Applications must not be processed until one month before the applicant becomes eligible for settlement (based on the need to have a continuous period of 5 years’ permission to stay as a stateless person). Any applications received more than a month, but less than 3 months, before the applicant is eligible, should be held until a month before the date they become eligible and then processed. The file must be noted accordingly. Applications received more than 3 months before the applicant becomes eligible for settlement should be refused.

Some individuals do not need to have spent a continuous period of 5 years in the UK with permission as a stateless person to qualify for settlement.
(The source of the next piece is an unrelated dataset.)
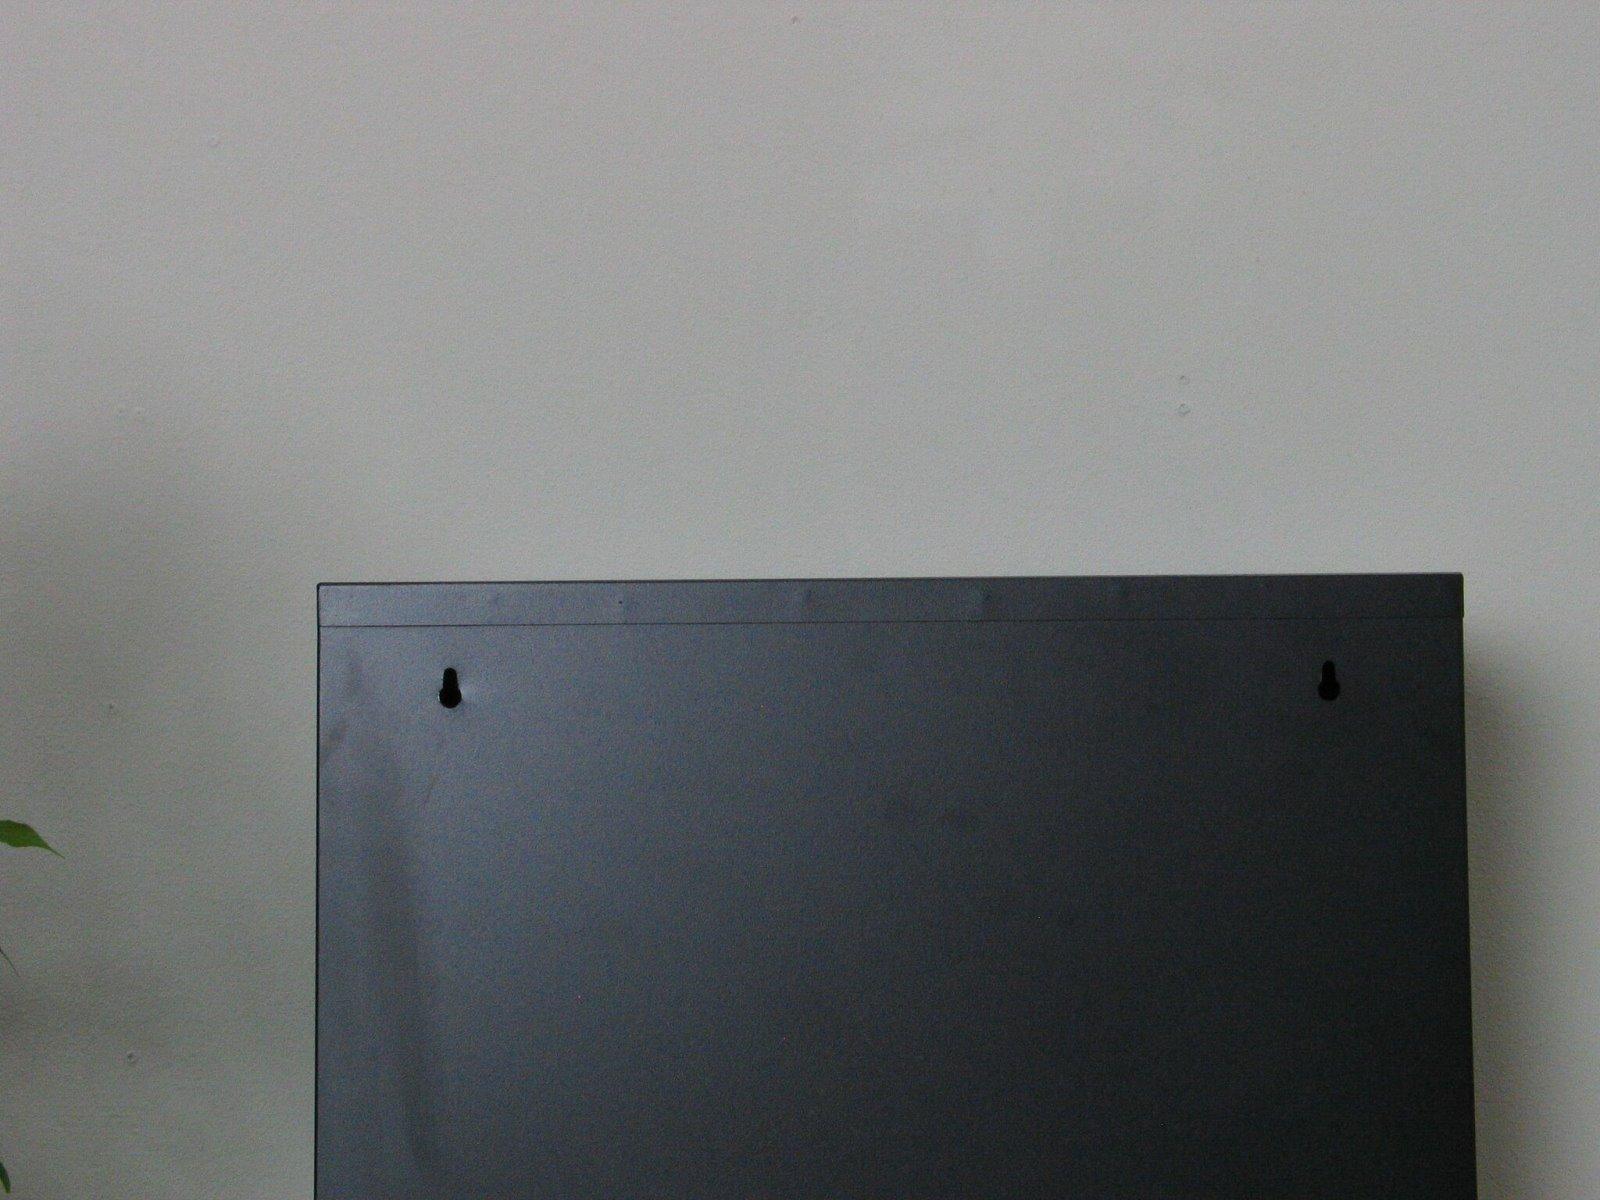 xxl schuhschrank pisa 15 klappen metall schuhkipper. Black Bedroom Furniture Sets. Home Design Ideas
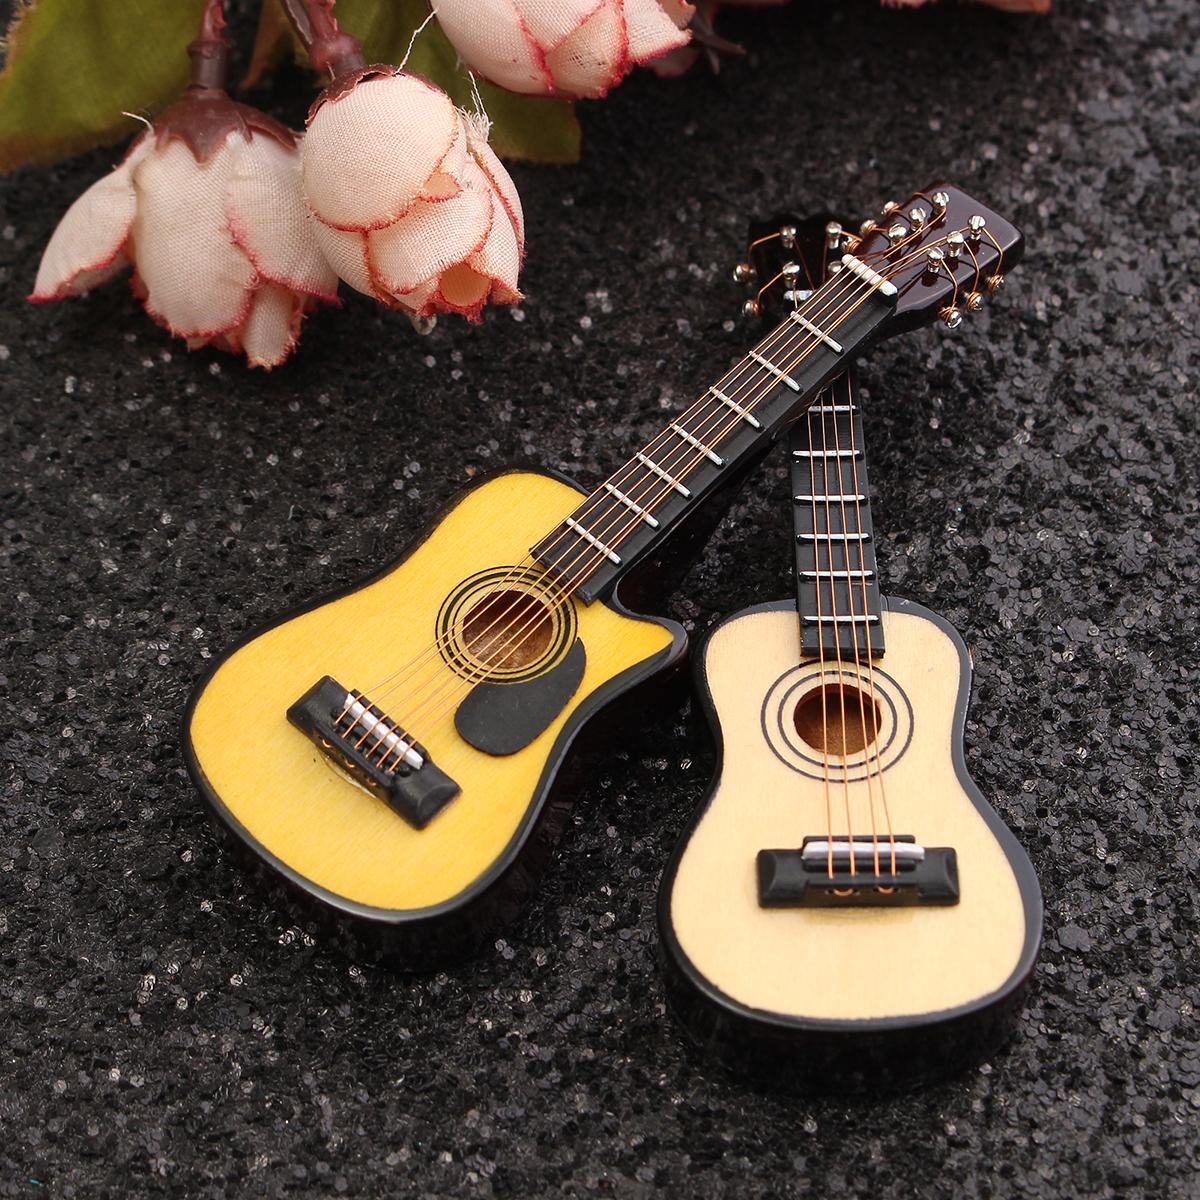 1/12 Scale Dollhouse Miniature Guitar Accessories Instrument DIY Part For Dollhouse

If the applicant has permission as a stateless person for at least one year immediately before the date of a settlement application and did not enter the UK illegally; the 5-year qualifying period can be met by also counting time on any other route that allows a person to qualify for settlement.

If an individual does not qualify, you should advise the individual that they do not qualify for settlement at this time because they have not accrued a continuous period of 5 years permission to stay as a stateless person or by other applicable routes, and that they should apply again when their permission to stay is due to expire within a month or when they have accrued 5 years’ permission to stay.

Settlement may be granted under S 10.1 of Appendix Statelessness after the applicant has spent a continuous period of 5 years in the UK with permission to stay granted under paragraph S 5.1. To qualify for settlement, an applicant must meet the requirements set out in paragraph S 6.1-S 8.2 of Appendix Statelessness and not fall for refusal under paragraph S 10.2-S 10.3. See the sections on exclusion and Part 9 for further information.

If you are not satisfied that all the suitability and eligibility requirements or settlement as a stateless person are met but are satisfied that the applicant meets the requirements for permission to stay as a stateless person, you must grant the applicant a further period of permission to stay as a stateless person for 5 years.

Where clear evidence comes to light that the individual is not stateless and/or is admissible to another country for the purpose of permanent residence, you must refuse the settlement application under paragraph S 9.1. The individual will then need to make a valid application for permission to stay under other provisions of the

Immigration Rules or leave the UK. You must refer such cases to the relevant enforcement team to consider whether removal action is appropriate.

Applicants who apply for settlement as a stateless person but have never been granted permission to stay on the statelessness route must be refused settlement on this route as they do not meet the requirements of paragraph S 10.3 of the rules.

Where an application is refused because they do not meet the requirements of the Immigration Rules but permission to stay is granted outside the rules there is a right of administrative review.

Travel documents

People who are recognised as stateless are entitled to apply for a stateless person’s document which will be issued in accordance with the UK’s obligations under the 1954 UN Statelessness Convention.

This can include person’s granted permission to stay in accordance with this policy and those who are recognised as being stateless, but do not qualify for permission to stay as a stateless person. For example, this may include those who are refused under general grounds for refusal but who are granted leave outside the Immigration Rules.

Applications for a stateless person’s document must be made online. The Biometric Residence Permit (BRP) is the only evidence of valid permission to stay in the UK and a photocopy of the BRP should be provided along with the travel document application supporting documents.

Further information on applying for a Home Office travel document is available on the GOV.UK website.